On Board HMCS ATHABASKAN, in the Yellow Sea - There are a couple of seamen on board this Tribal class destroyer who take in washing.

They take it in by the hundreds of pounds and wash it in water measured by the ton. The two operators of probably the world's most compact laundries are Able seamen Peter Doyle, of Victoria and Ed Fleming of West Summerland, British Columbia. The ATHABASKAN's laundry is situated on the forecastle deck, beneath the bridge, and there, in a space of about ten feet by ten feet, are housed a steam press, a large rotary washer, a drum spin dryer and a steam drier. It doesn't leave much for Doyle and Fleming to swing the proverbial cat but the two men have learned to tote 100 pound bags or laundry between the machines with comparative ease.

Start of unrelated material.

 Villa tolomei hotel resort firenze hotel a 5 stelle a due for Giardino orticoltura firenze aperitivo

During the ships eight months of operation in the Korean theatre, the ATHABASKAN's laundry has had a complete workout. While spending long stretches at sea, the 270 officers and men serving in the destroyer have to depend on the Doyle-Fleming establishment for clean gear. The laundry has been equal to the task. Able Seamen Doyle 'skippers' the laundry operations and Able Seamen Fleming is his energetic 'first-lieutenant'. The two men, like the rest of their fellow-sailors aboard the Canadian destroyers serving in the Far East, know how to put in a full day's work.

Dungarees, work shirts and jackets and washed and dried twice a week. Blankets for the ship's company are put through the machines once each week and the remaining days are taken up with the cleaning of wardroom and officers' gear and ship's company whites. Then to fill in the corners, the press is kept busy pressing uniforms for the officers and men. A busy day will see 400 pairs of dungarees, 400 work shirts and work jackets - all paint daubed and grease smeared - tumbling about in the rotary washer, spinning to near dry in the spin drier and eventually emerging clean and bone dry from the steam drier. Four tons of water will have been used by the rotary machine by the time the operation is completed.

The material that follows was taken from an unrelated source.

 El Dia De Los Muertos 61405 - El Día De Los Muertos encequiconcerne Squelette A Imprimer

While operating the laundry is a full-sized job, Doyle and Fleming have other ships duties to perform as well. Doyle, one the ATHABASKAN's gunnery rates, is captain of "X" gun. At action stations or general gunnery drills, the chief of a laundry enterprise becomes the efficient senior hand of a four-inch gun's crew. Fleming is a stoker by trade and when general quarters sounds, he takes his post at the tiller flats in readiness for fire-fighting and damage control duties. "The Sioux is the ship that has a laundry setup" AB Doyle commented, but "we can turn out a pretty good job in our two-by-four cubbyhole in the ATHABASKAN". And that is what Doyle and Fleming are doing - a good job, often under trying conditions.